To do: Restate every line below word for word, but drop each picture.

Data:
+ + + +
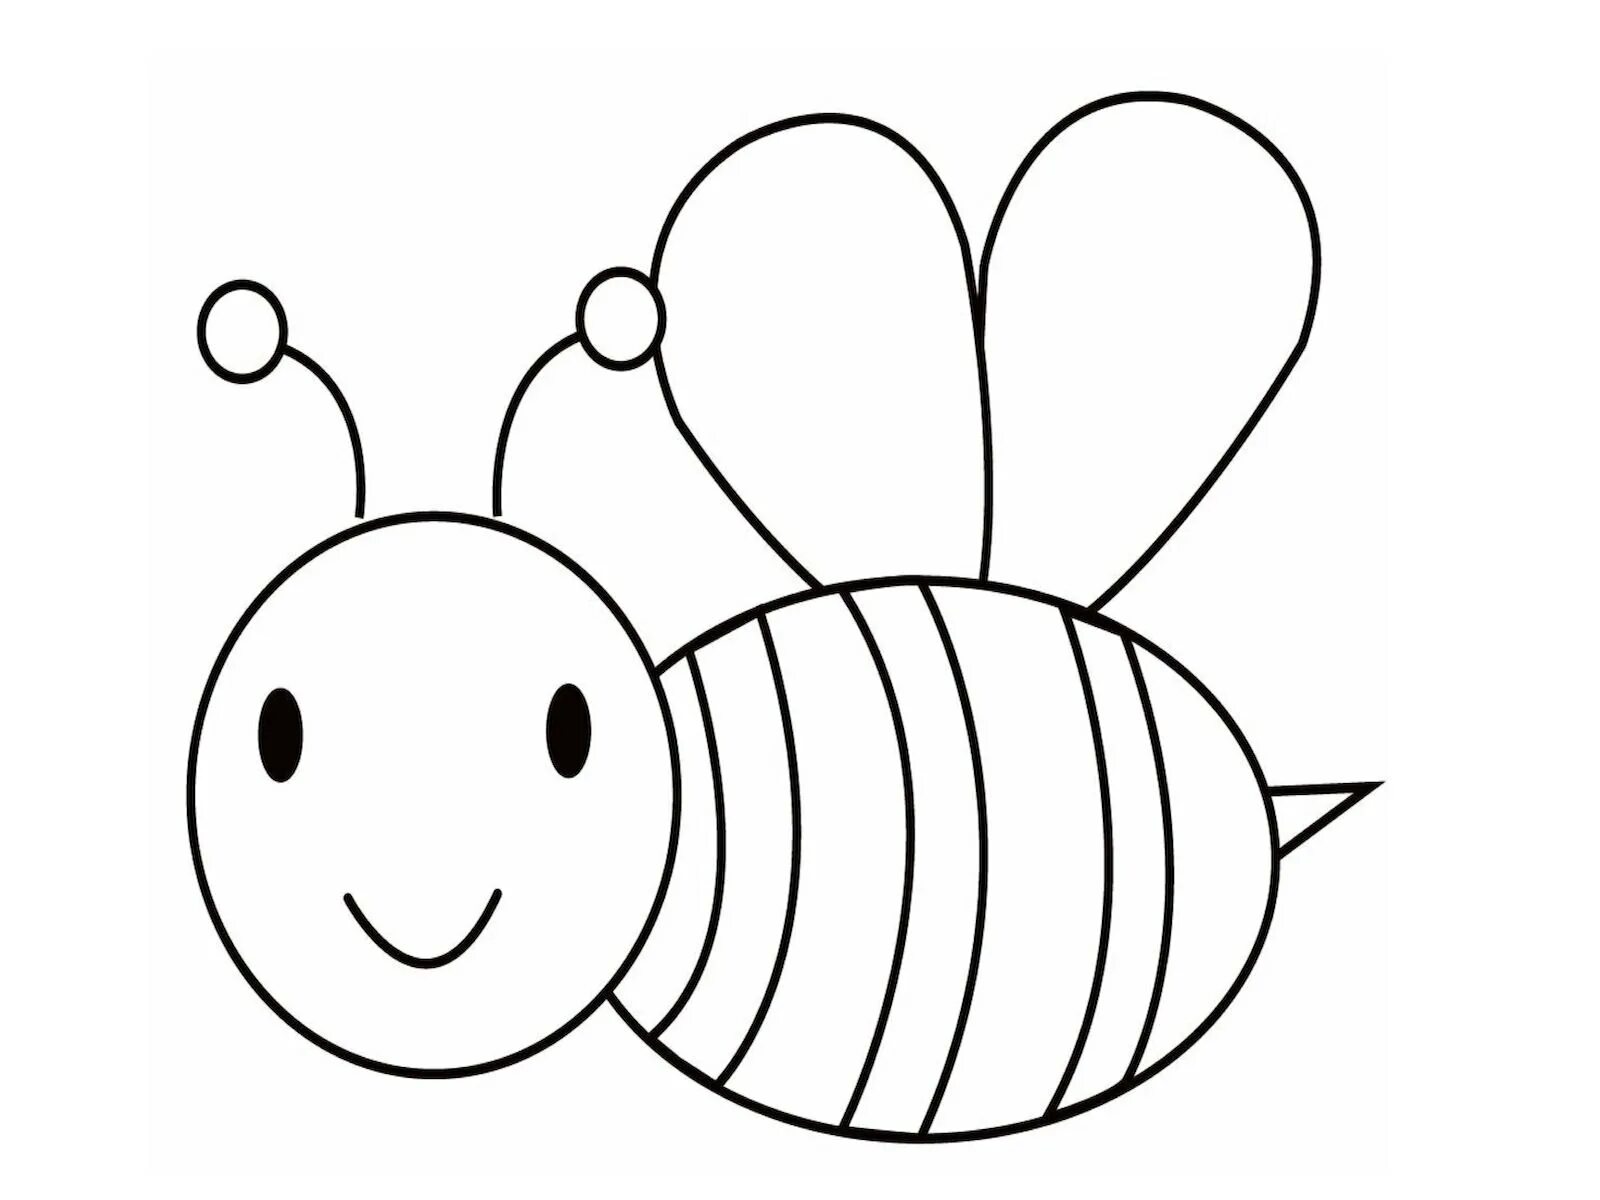 Раскраски для детей 3 лет насекомые. Пчела раскраска для детей. Пчелка раскраска для малышей. Пчелка для раскрашивания детям. Раскраска пчёлка для детей.
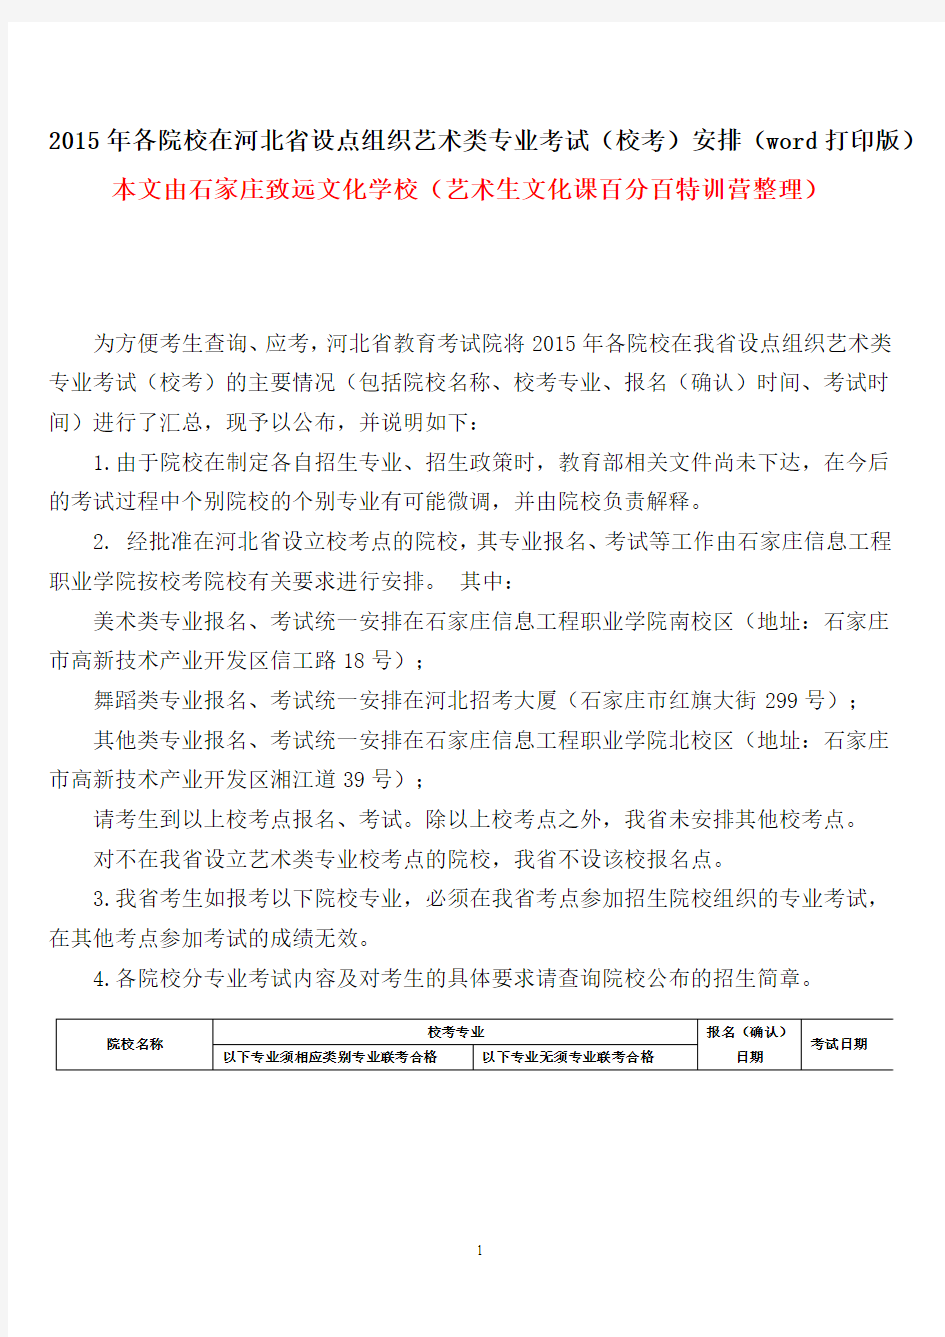 2015年各院校在河北省设点组织艺术类专业考试(校考)安排(word打印版)
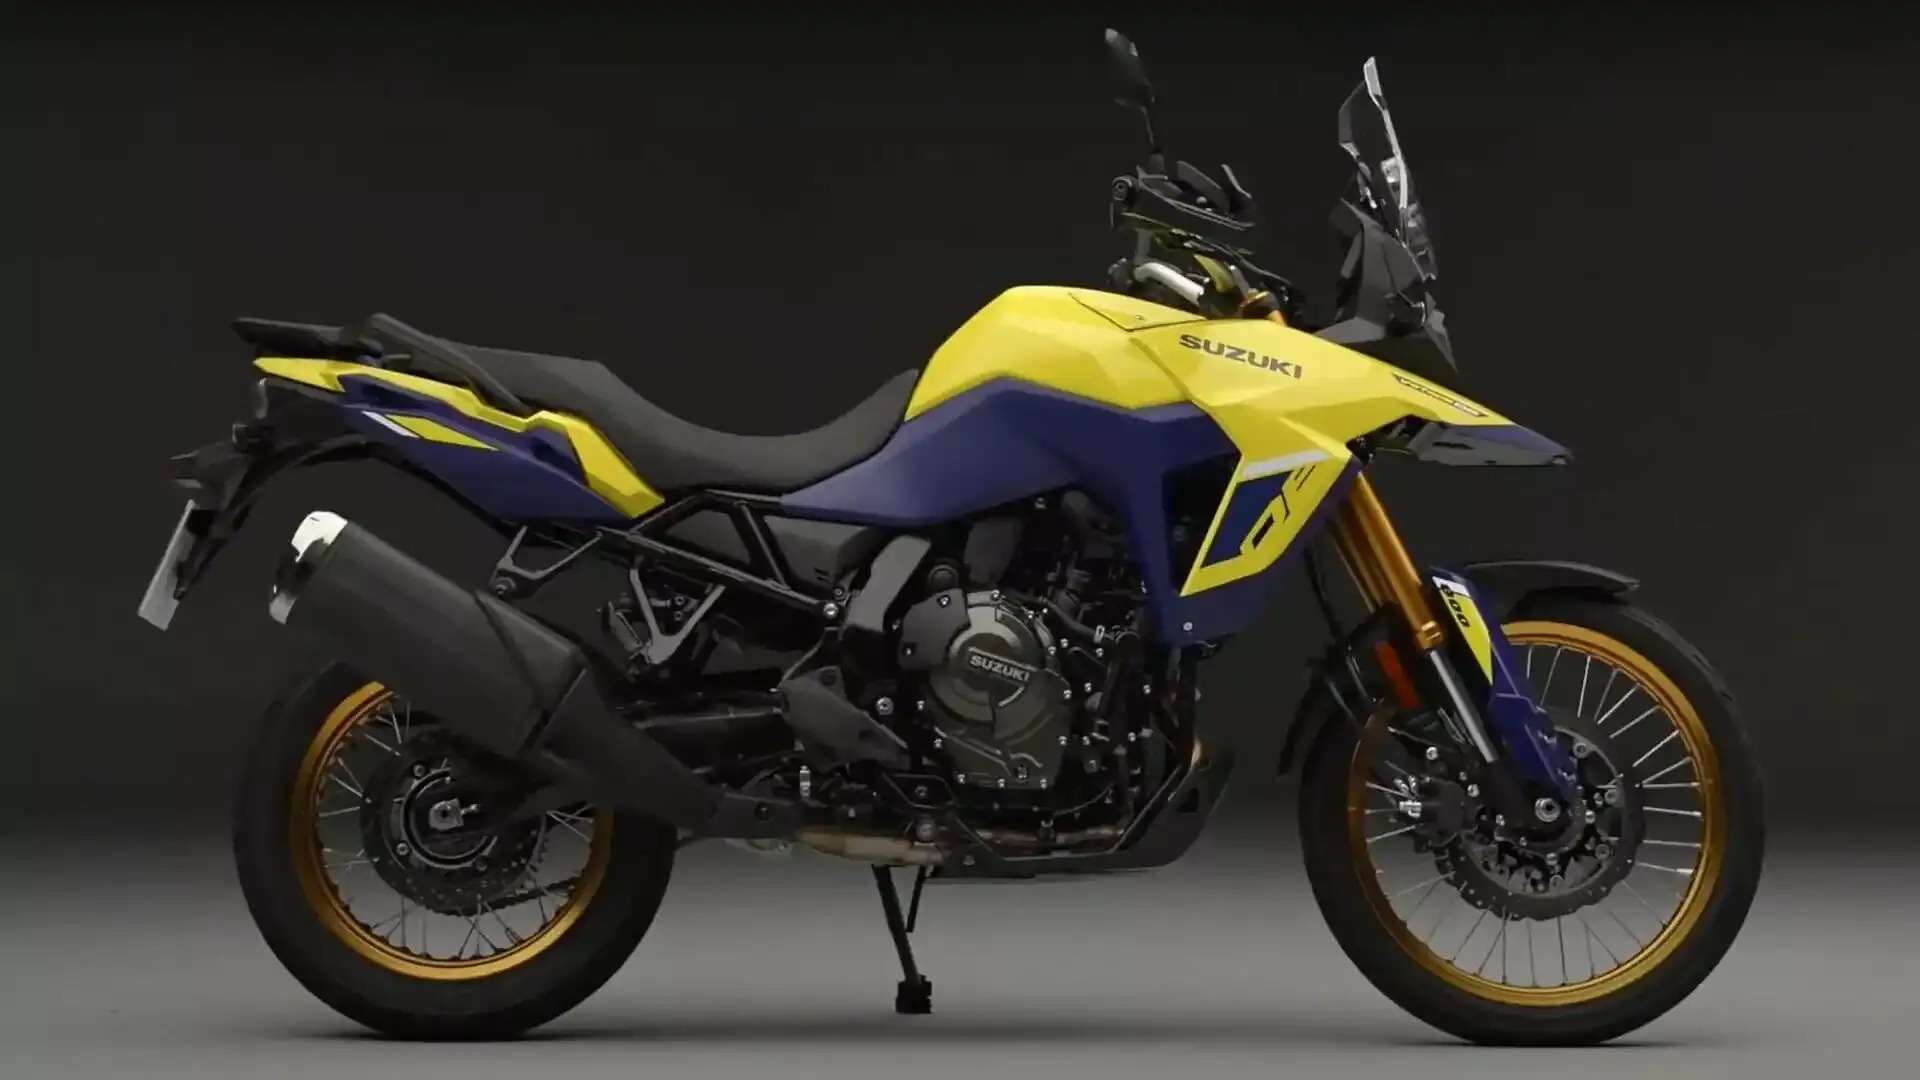 Suzuki V-Strom 800DE: भारत में जल्द लॉन्च होने जा रही महंगी एडवेंचर बाइक
+ + + +
Answer to this problem:
 Раскраски для детей 3 лет насекомые. Пчела раскраска для детей. Пчелка раскраска для малышей. Пчелка для раскрашивания детям. Раскраска пчёлка для детей.
 2015年各院校在河北省设点组织艺术类专业考试(校考)安排(word打印版)
 Suzuki V-Strom 800DE: भारत में जल्द लॉन्च होने जा रही महंगी एडवेंचर बाइक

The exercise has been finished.